Entertainment Magazine

Awkward.

Posted on the 16 April 2012 by Meek_the_geek


Awkward.
Awkward. is to My So-Called Life what Happy Endings is to Friends; that is, one in a long line of copycats but the one that has copycatted successfully. It’s got a great title, complete with punctuation, for starters. That made it worth checking out in my book.

The writers want you to know right off that Awkward. is not like other teen shows. One of the protagonist, Jenna’s, first lines sounds like a direct dig at the soapy AMC Family hit, The Secret Life of the American Teenager: “This wasn’t the inciting incident of some sappy teen special about how I got knocked up on the last day of summer camp.” It does open with our heroine getting it on in a utility closet adjacent to a gym with a blue-eyed popular hunk of hormones. You can practically smell the Axe Body Spray.

Jenna doesn’t fit readily into a particular social group. She doesn’t consider herself one of the “dorks,” yet she explains that she’s felt invisible since getting her braces off. She certainly not one of the cool kids — who would want to watch a show like that — but the show isn’t jumping on the “hip to be geek” bandwagon, either. Like Angela Chase, she’s somewhere in the middle of the popularity bell curve. Her Jordan Catalano is Matty. She actually finds it attractive that he sniffs his own armpits. Like Jordan, Matty has no visible redeeming qualities. Apparently, as the season unfolded, a relationship between Jenna (Ashley Rickards) and Matty (Beau Mirchoff) actually began to take shape, but my reaction to him based on the pilot is, “um, no.”

The opening sex scene has only a tangental bearing on the plot of the episode, which is that Jenna has an accident that is mistaken for a suicide attempt. Just after receiving a mysterious, mean letter, and blogging about wanting to die (in the way that teenagers figuratively want to die everytime something embarassing transpires), she falls in the bathroom. In the process, she also spills a bunch of asprin and knocks a hairdryer into the full bathtub. It’s a highly memorable, if over-the-top scene, which could have made a much better opening than closet sex. Jenna returns to school with her arm in a truly awkward cast, which props her arm up in a permanent wave of greeting. A montage of mockumentary shots lets us know what all the kids are thinking about her. “That girl” has everyone talking about her mental instability.

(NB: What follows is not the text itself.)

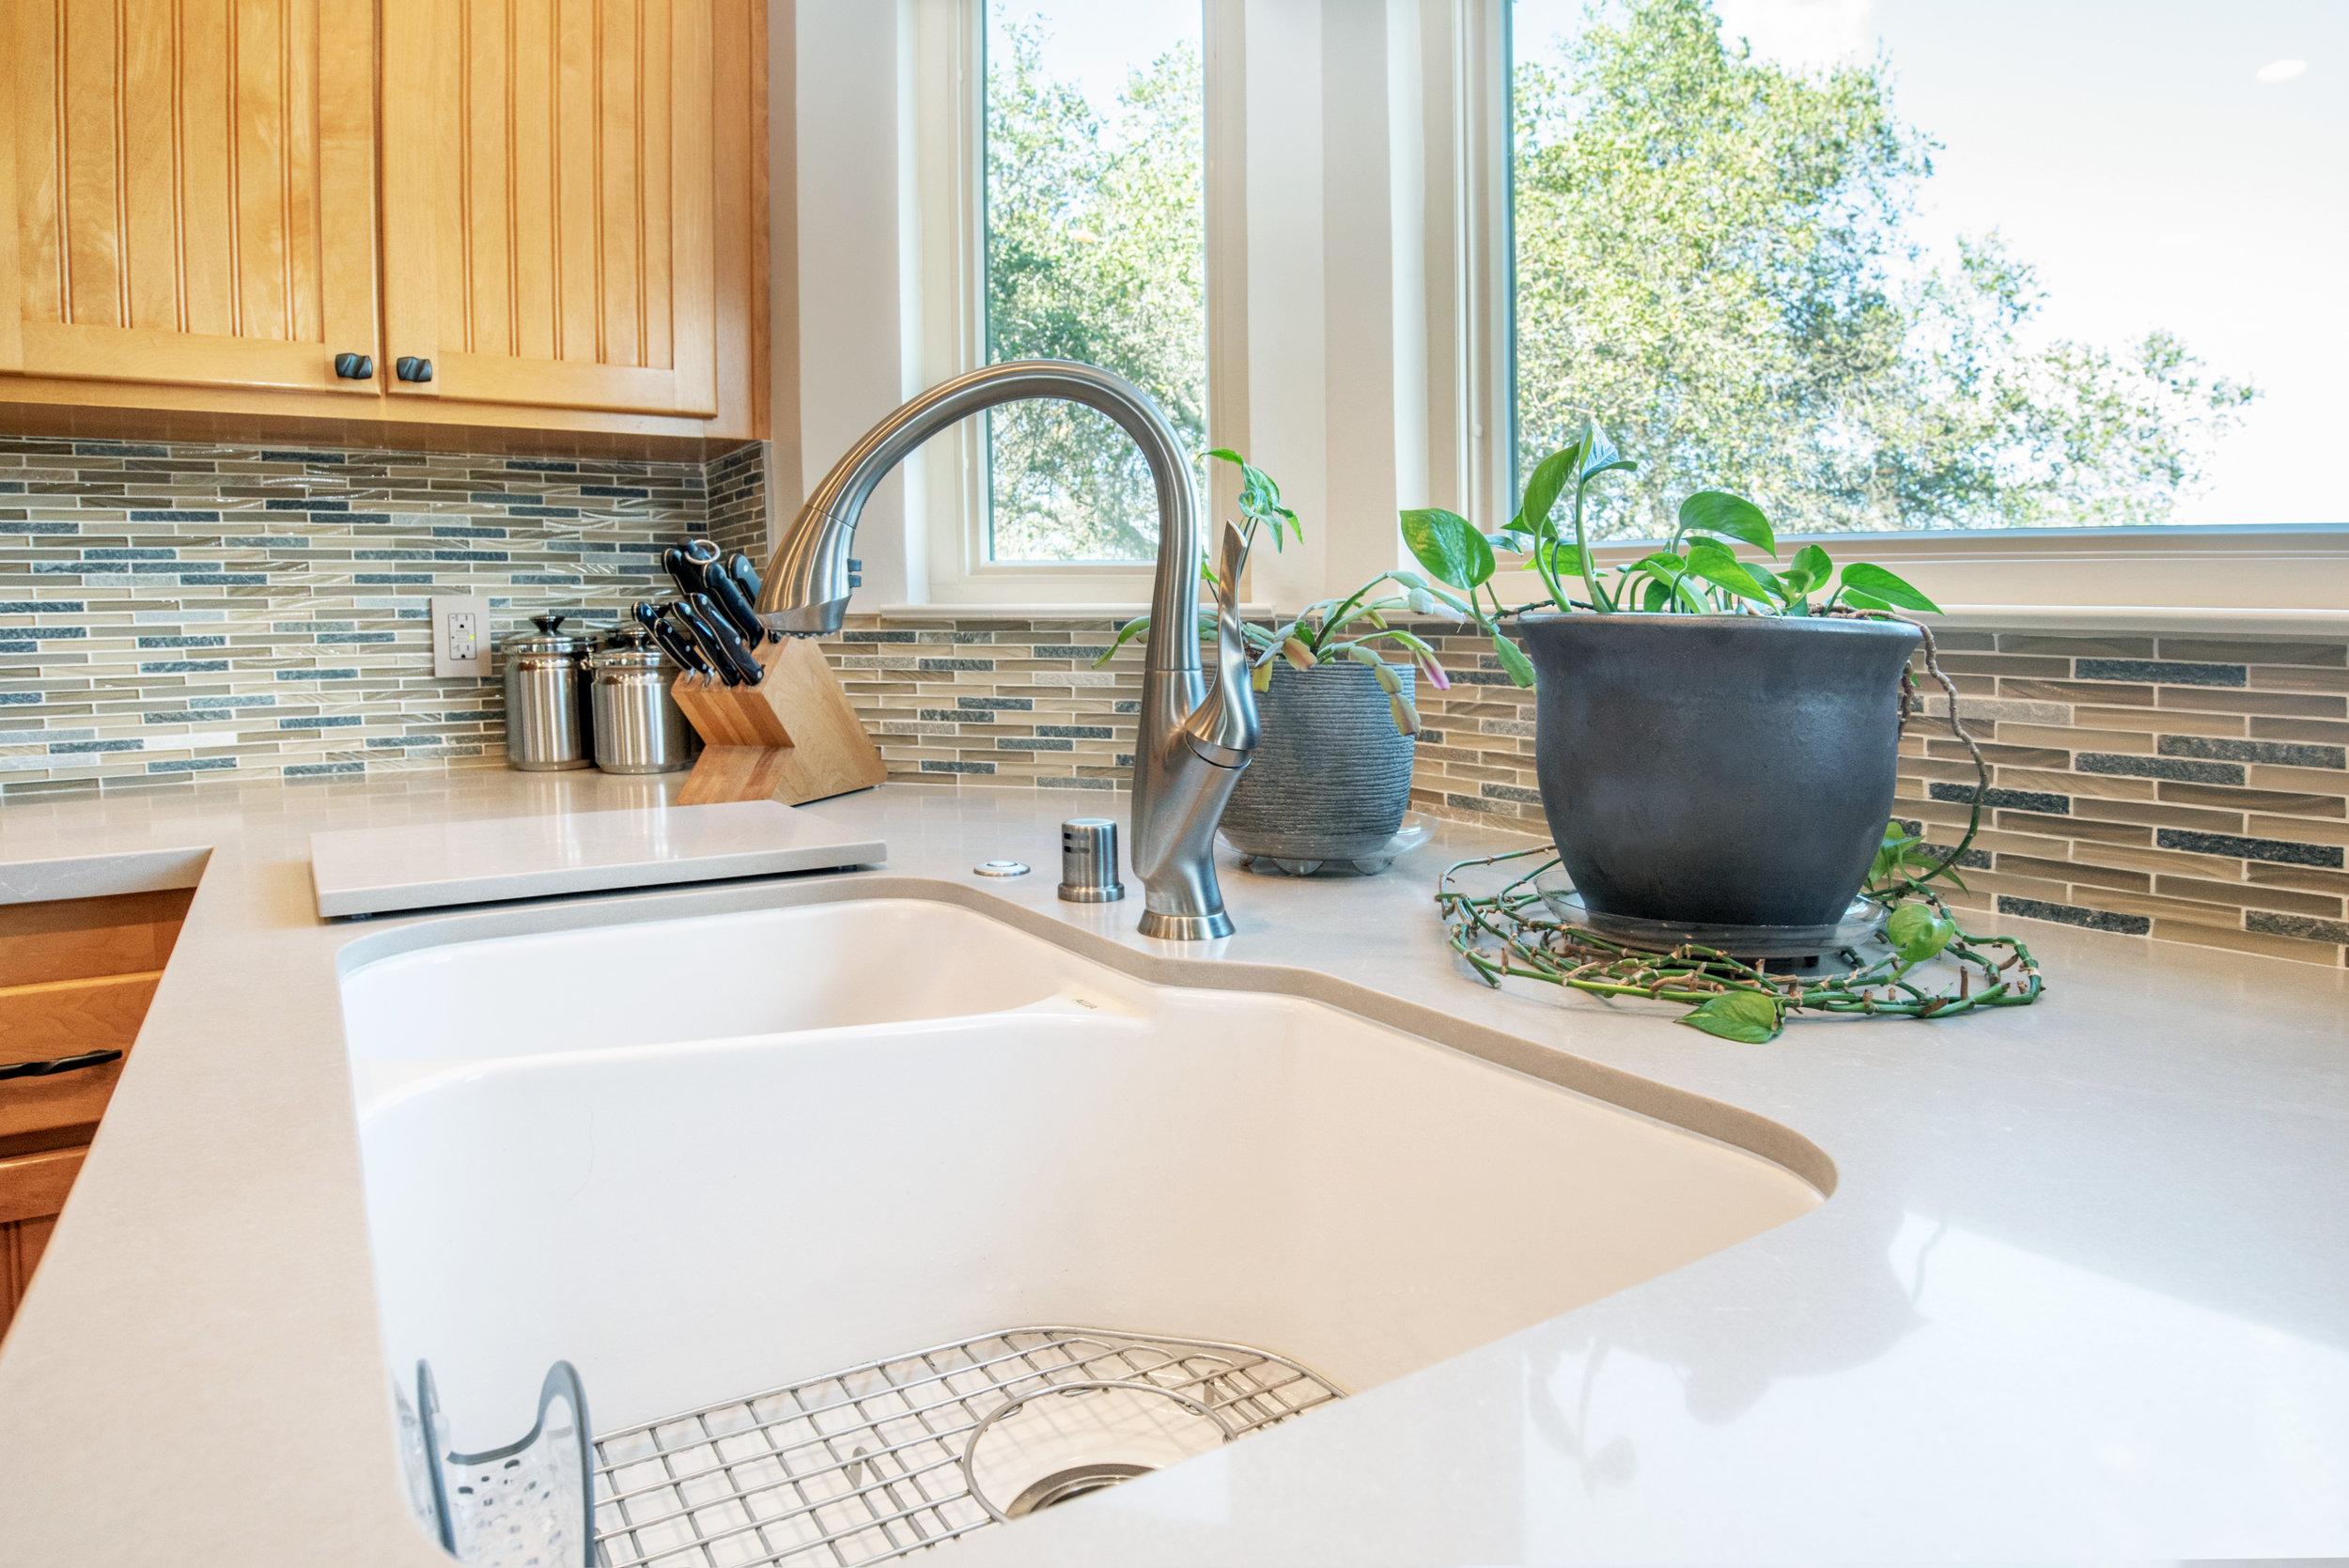 lafayette kitchen remodel tiel.jpg

The most bothersome elements of the episode were the cartoonish and unsympathetic portrayals of Jenna’s mom (Nikki Delaoch) and guidance counselor (Desi Lydic), both the people you hope would keep the teen characters grounded. The counselor is paricularly grating. Then it occurred to me, that is how teenagers see adults — as charicatures. So I’ll give the writers the benefit of the doubt and assume that was their intention.

Conversely, I can’t help feel that these are Gen X writers trying to talk like they’re Millenials. Do today’s teenagers actually make Coke-and-Poprocks jokes? Do they even get the reference? That is just one example of funny but out-of-place bits.

As far as the teenagers, we get a pretty typical cast of characters — jocks, geeks, etc. There are some attempts at twists, like the Asian girl who doesn’t do well on standardized tests and the popular cheerleader who has anything but the cheerleader body-type.

Personally, I’ll take Freaks and Geeks or Veronica Mars, or even earlier, Growing Pains (as I would make the case that Angela Chase is a direct descendent of Carol Seaver). I even find Secret Life more watchable — in a train wreck sort of way — at least it appealed to Gen Xers with Molly Ringwald. But Awkward. has received plenty of critical acclaim and a loyal fanbase, and it was recently announced that it will return for a second season. So there you go. Teenage girls falling for cretinous boys will never get old.